Все формы сознания обусловлены историей, и я просто обязан воспринимать ландшафт как поле деятельности человеческой воли – распластанный на хутора и деревни, распаханный городами. Ландшафт, меченный росчерками людей и эпох. Но теперь я все-таки мало-помалу начинаю понимать, что воля наследует пейзажу; что мебель человеческой воли зависит от местоположения человека в пространстве, от того, родился он среди возделанных полей или в жестокой до садизма чаще леса. И то, что я наблюдаю, вовсе не есть воздействие свободной человеческой воли на неподатливую материю природы (как мне казалось раньше), но неудержимый процесс прорастания сквозь человека бесконечно разнообразных и жестоких, слепых и невыразимых словами догматов этой самой природы. Для опытов своих она выбрала сей бедный разлапистый клочок земли.
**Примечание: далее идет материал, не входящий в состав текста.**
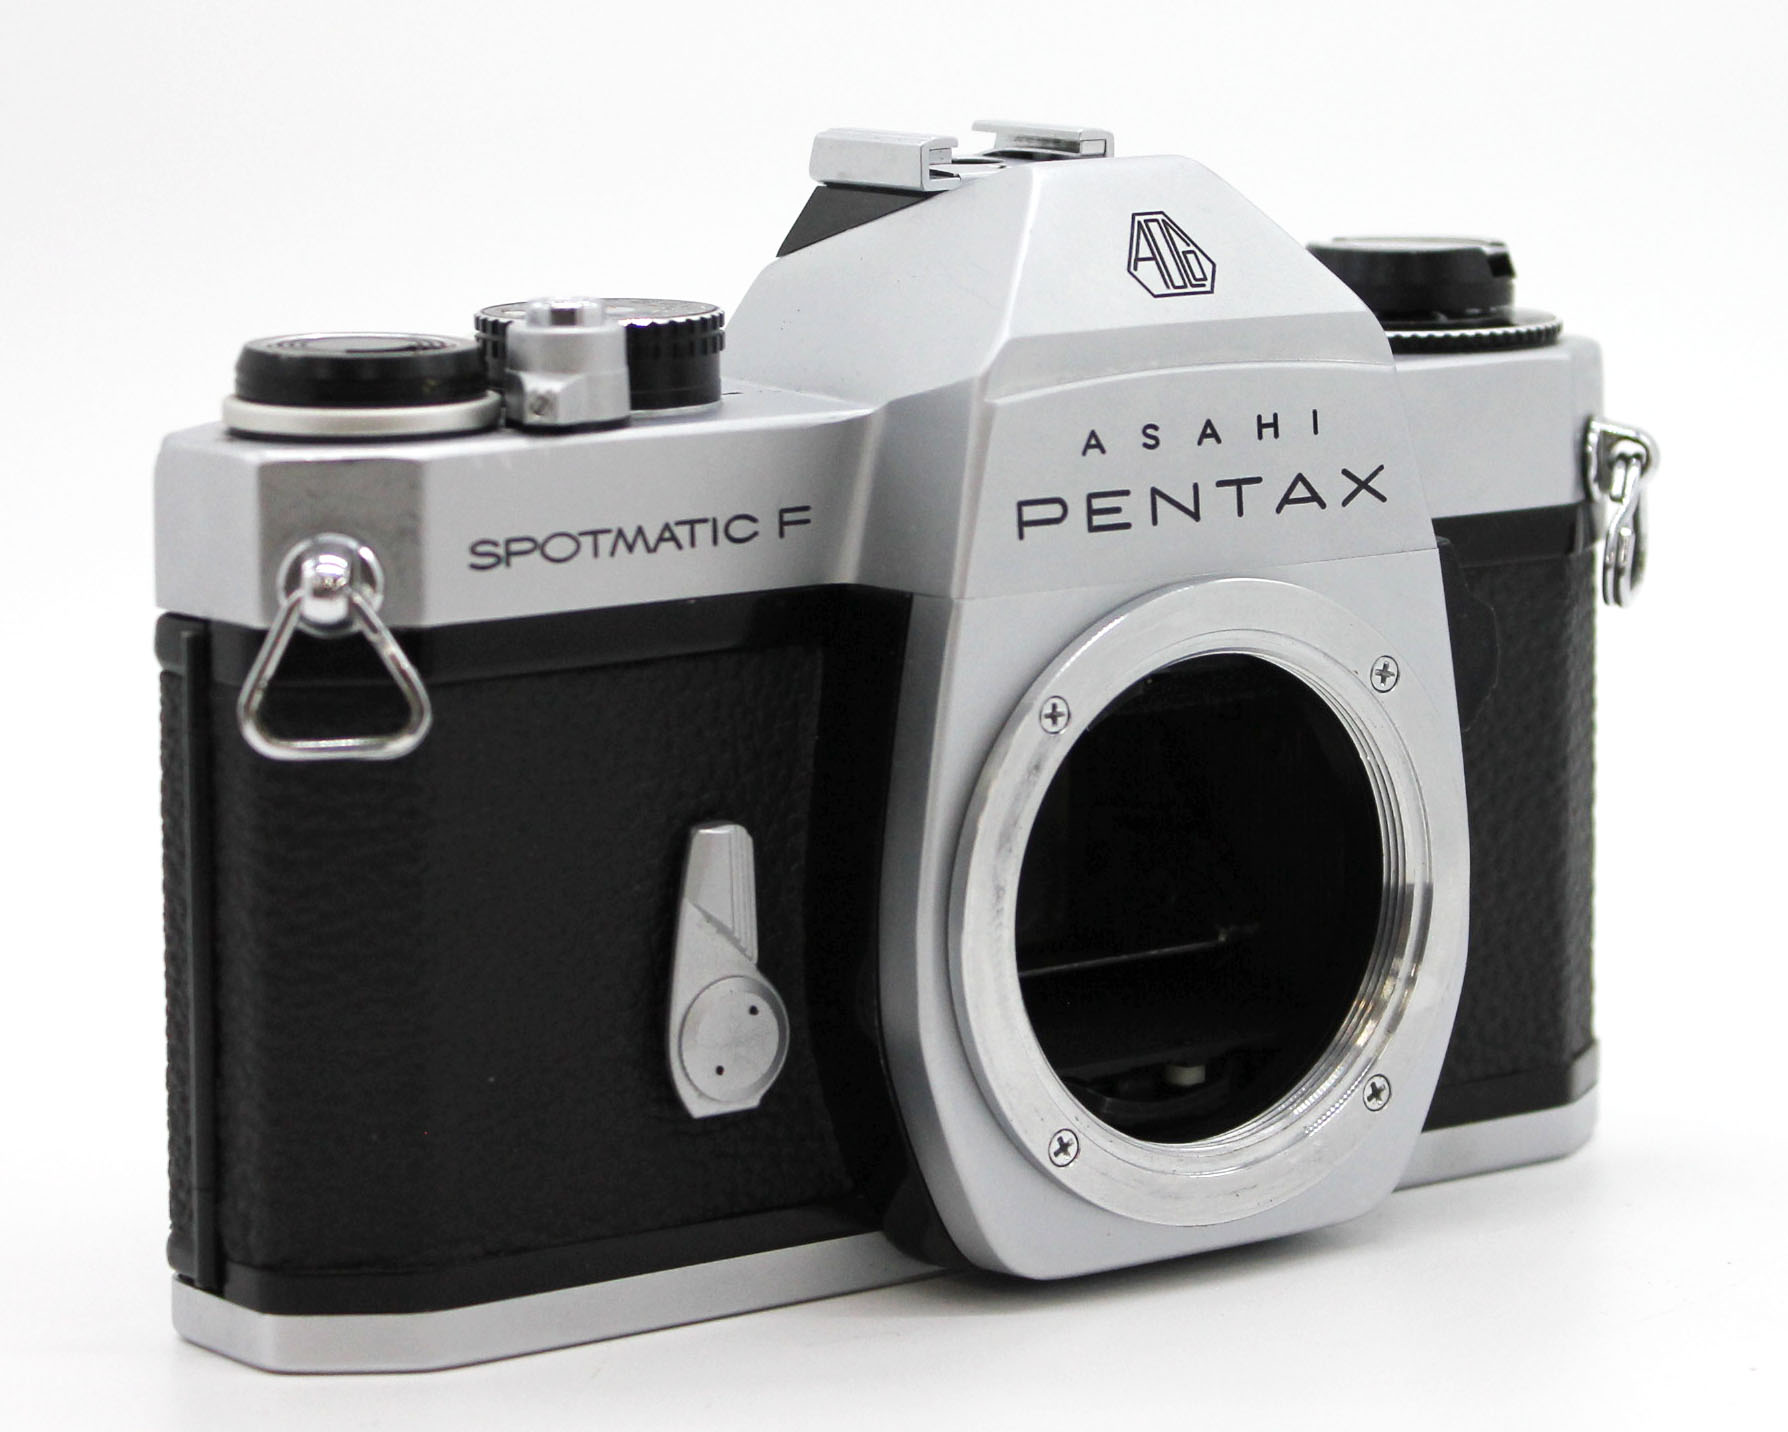 Asahi Pentax Spotmatic F SPF 35mm SLR Camera w/ SMC Takumar 55mm F/1.8 Lens from Japan Photo 2

Как бессмысленны в таком случае слова и дела любого человека, вроде слов Бальтазара, услышанных мною однажды: «Миссия Кружка, ежели таковая у него имеется, состоит в том, чтобы облагородить все функциональное до такой степени, чтобы даже еда и дефекация поднялись до высот искусства». Как не распознать здесь цветка чистой воды скептицизма, скрытого под гумусом воли к жизни? И только любовь способна здесь хоть как-то поддержать…

Не те же ли самые мысли кружили в голове Арноти, когда он писал: «Для писателя человек как психологический феномен более не существует. Подобно мыльному пузырю, лопнула современная душа под пристальными взглядами мистагогов. Вот ты писатель – и что тебе осталось?»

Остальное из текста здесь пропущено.